- [EXERCISE OBJECTIVE]:
Below, some lines carry pictures; leave those pictures out and retype exactly the lines from the one with "Boeing 767 Seating Chart" through the one with "Building materials. Construction".

- [RECORD SET]:

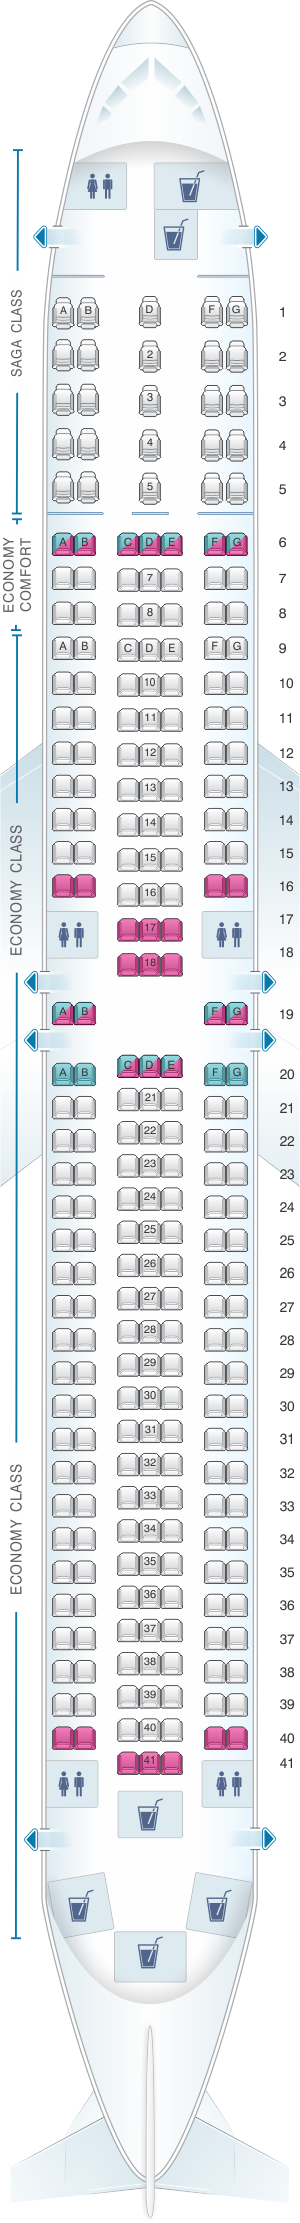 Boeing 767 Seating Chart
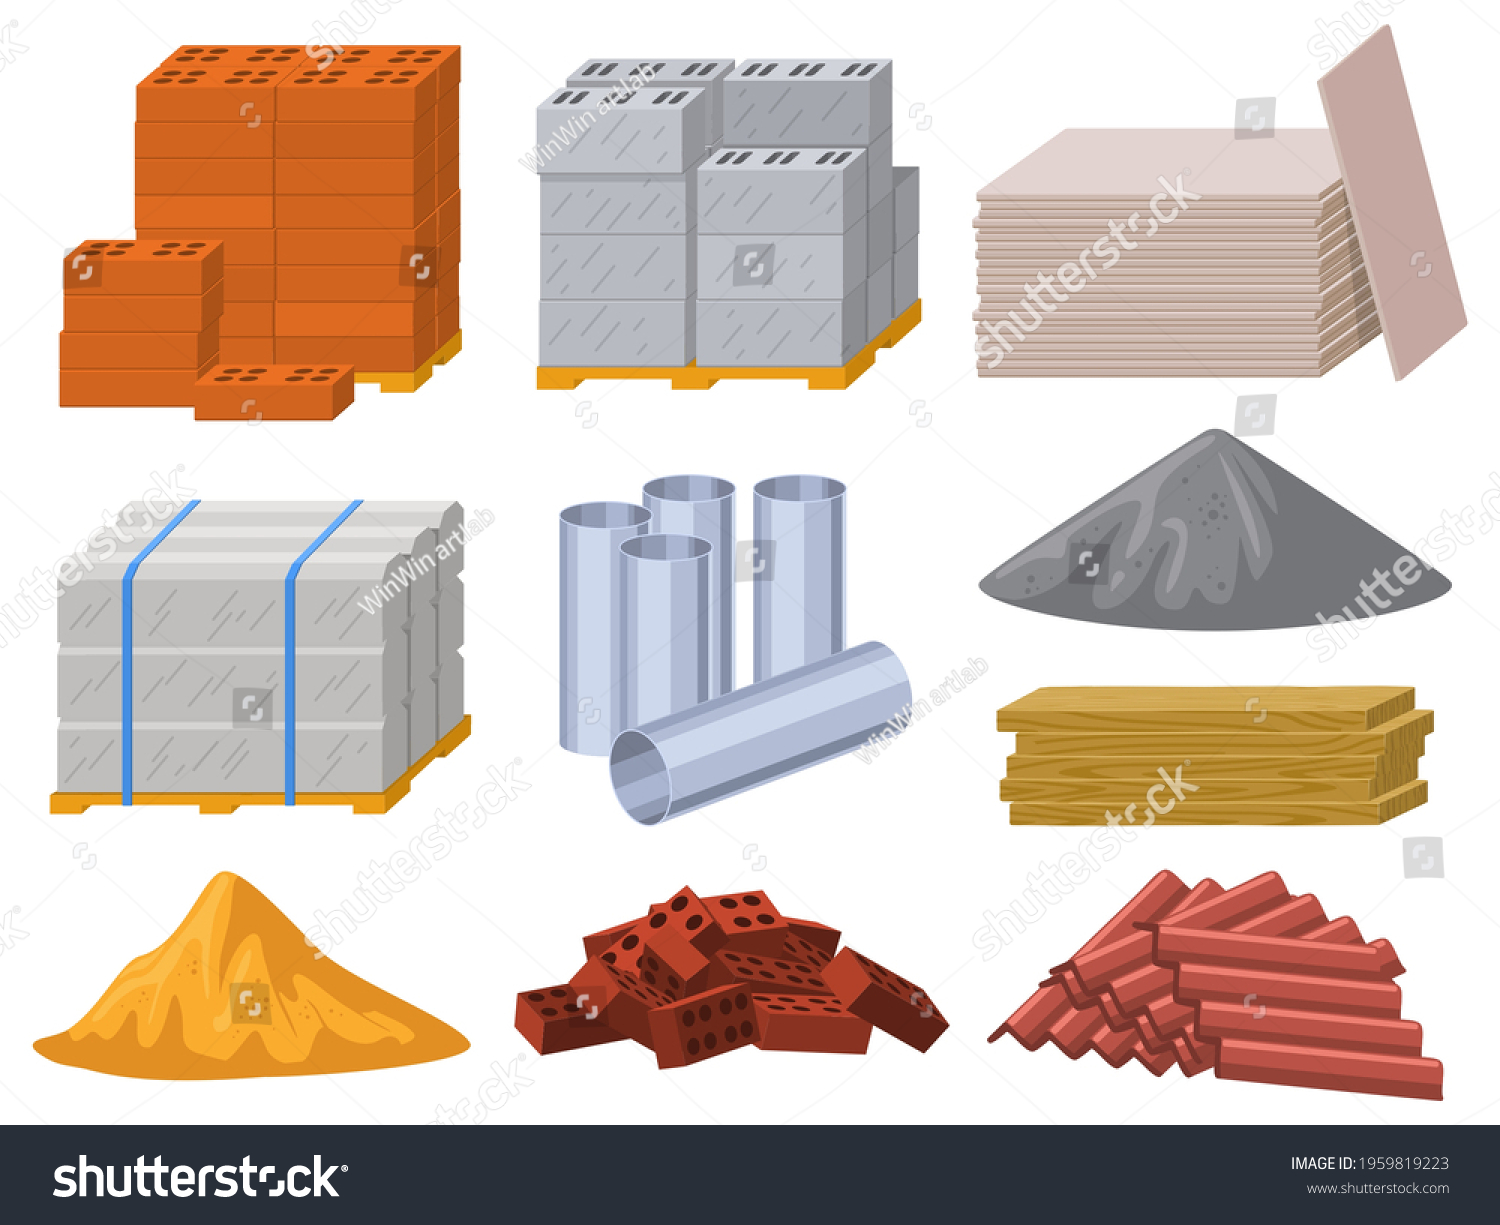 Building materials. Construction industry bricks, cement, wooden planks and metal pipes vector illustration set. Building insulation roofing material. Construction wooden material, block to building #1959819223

...

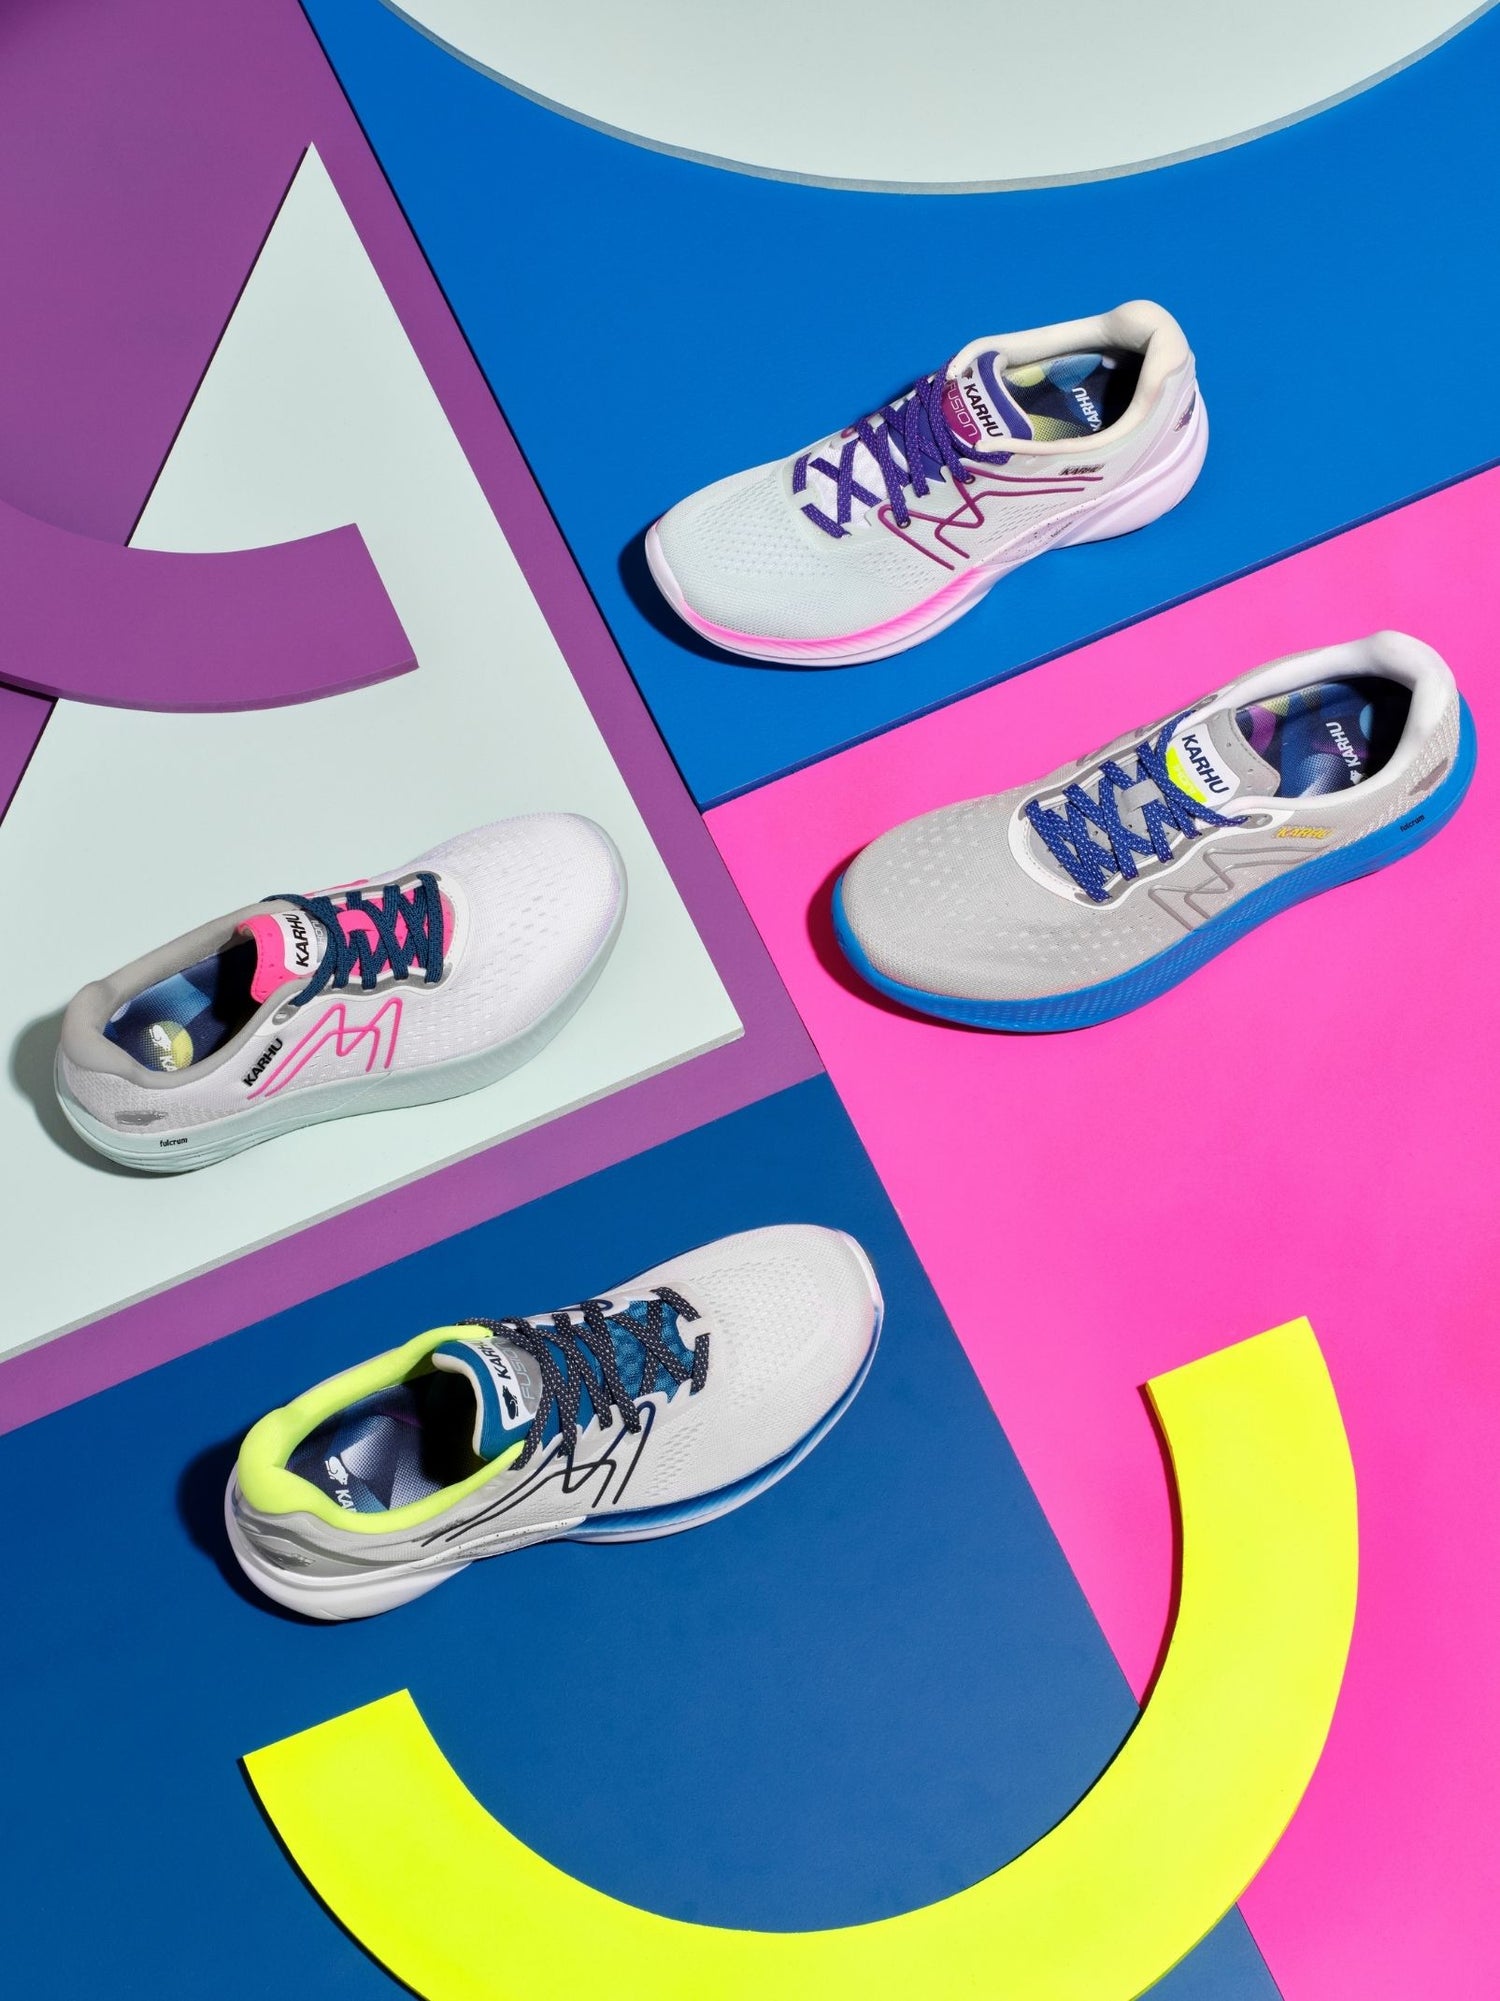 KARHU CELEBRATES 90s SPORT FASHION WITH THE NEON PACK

--

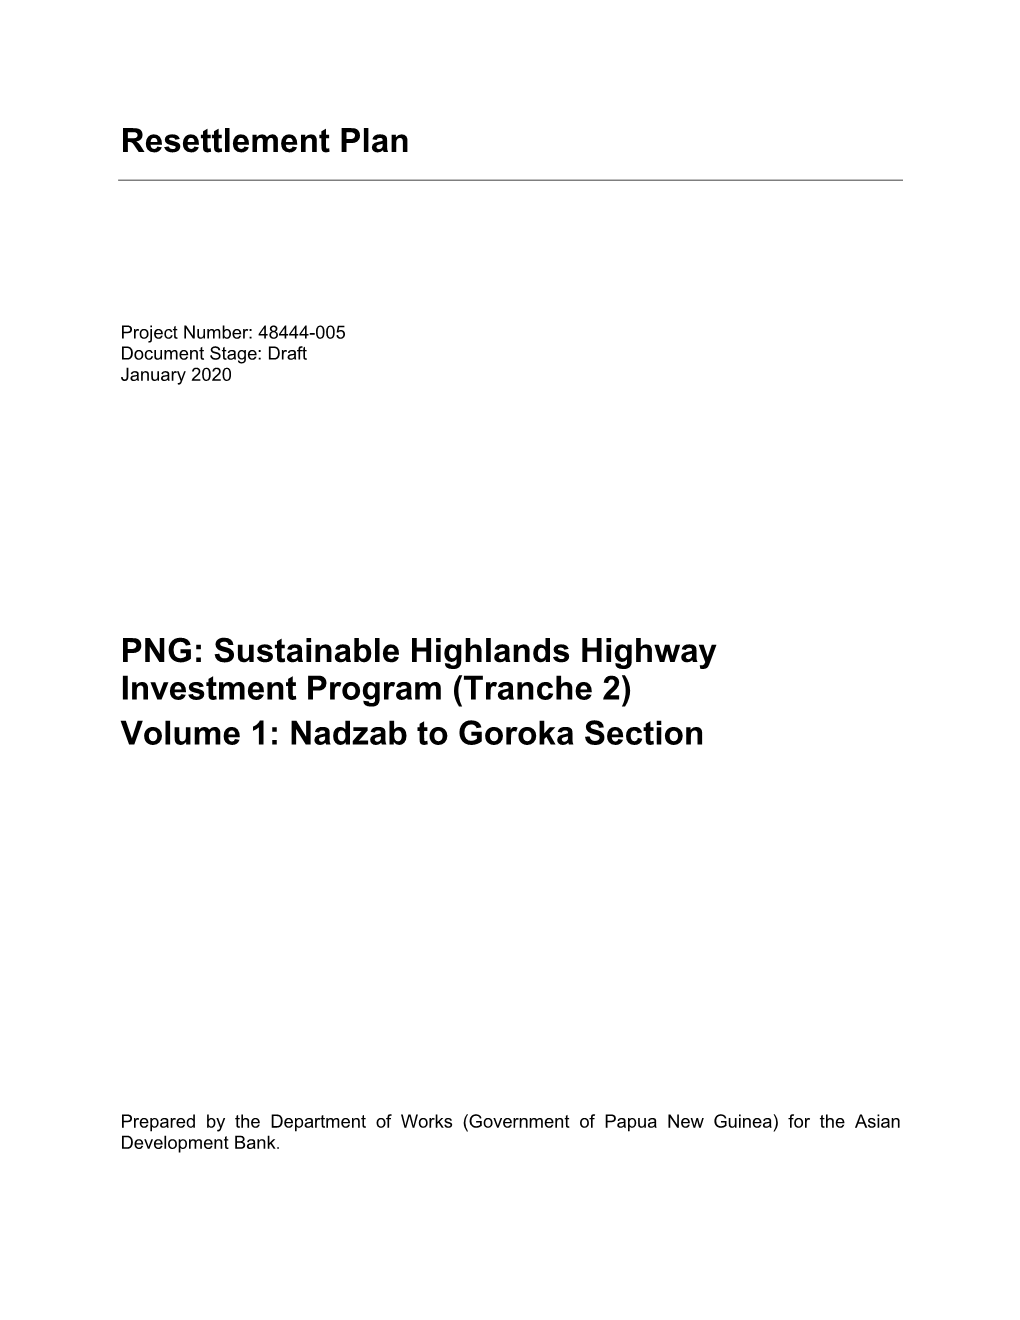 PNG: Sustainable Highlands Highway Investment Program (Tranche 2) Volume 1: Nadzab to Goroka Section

- [ANSWER TO THIS PROBLEM]:
 Boeing 767 Seating Chart
 Building materials. Construction industry bricks, cement, wooden planks and metal pipes vector illustration set. Building insulation roofing material. Construction wooden material, block to building #1959819223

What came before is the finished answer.